# Forum About Russia Travel and Tourism  Need help to find a post code in Minsk, Belarus

## Hanna

Oh I am so stupid....  ::   To make a long story short, I need to have a bank card sent to me in Minsk....  
But I can't work out the post code (zip code in US English) of this flat where I am staying. Please can someone help? *The address is улица козлова 2-19 in Minsk, and it is in the**  Советский район.* 
The reason I can't check is because I don't know how to say post code in Russian, and I also don't know how to find a post code checker online. It would take me over half an hour to find out for sure, probably. But someone who speaks Russian can probably find it in a couple of minutes.   
Really grateful for help!

----------


## BappaBa

> I don't know how to say post code in Russian

 Почт*о*вый *и*ндекс  Индексы Минска, почтовые отделения в Минске, отделения связи в столице Беларуси 
Если я не ошибся, то почтовый индекс улицы Козлова дом 2 *- 220005 * upd: http://www.belindex.ru/5/c1.html#M10

----------


## Hanna

Thank you soooooo much! 
Actually I thought people were getting fed up with me and my stupid questions and was actually starting to research it myself.

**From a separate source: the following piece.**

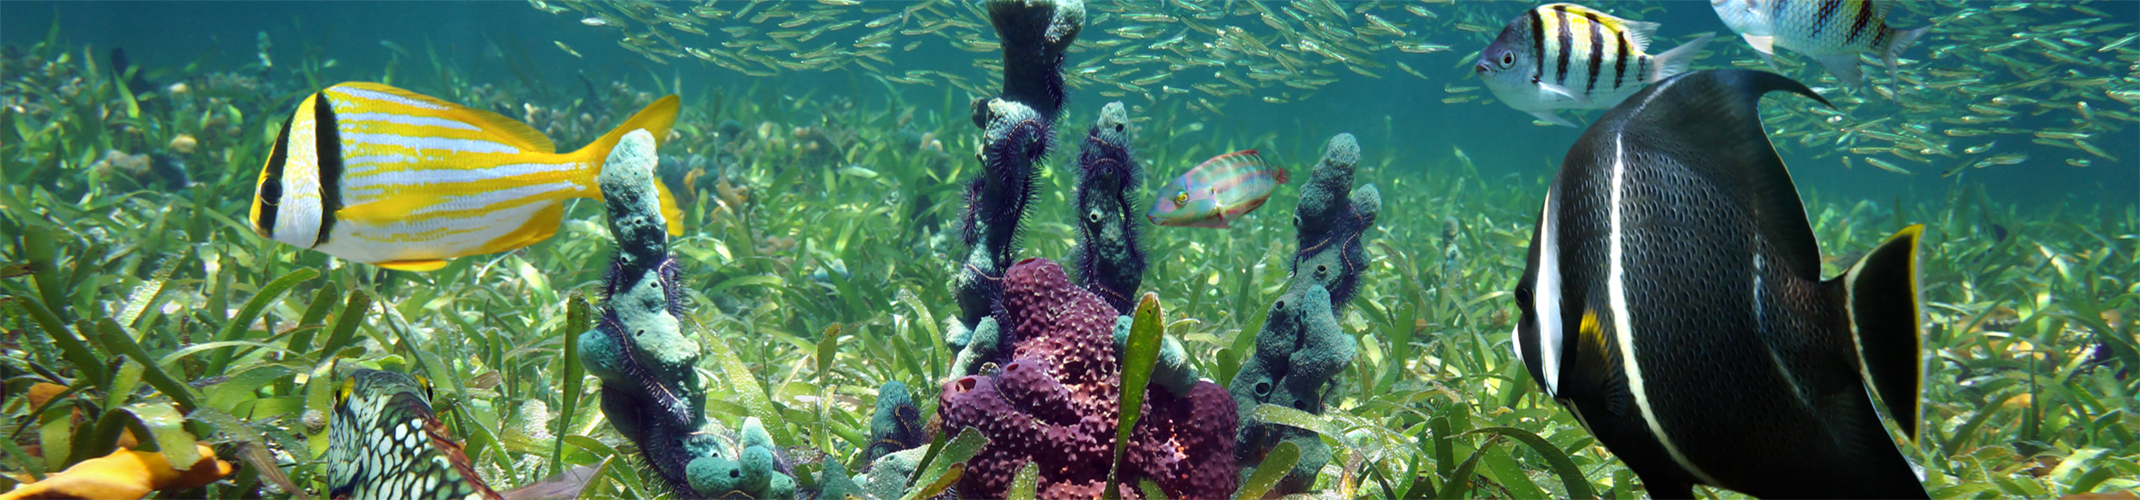 Best Diving in the Florida Keys

I had almost found it!  ::  But u beat me to it!

----------


## Eric C.

Actually, you should just have googled something like "post codes in Minsk, Kozlova" on your cell phone, that should have given you the right one for sure. 
But take the point that your question is not actually stupid at all if you ask people on the street. I bet 9 out of 10 would have no idea on that if were just asked, for such services have become quite unpopular in nowaday communication.

----------


## Hanna

This is Minsk, Belarus - not Minsk, Texas  ::

----------


## Eric C.

> This is Minsk, Belarus - not Minsk, Texas

 Well, this is obviously irony, but which of the two? I'll assume it's that people of the country you're staying in prefer "traditional" mail services rather than e-mail or something due to general problems with Internet connection. I hope you don't mind.  ::

----------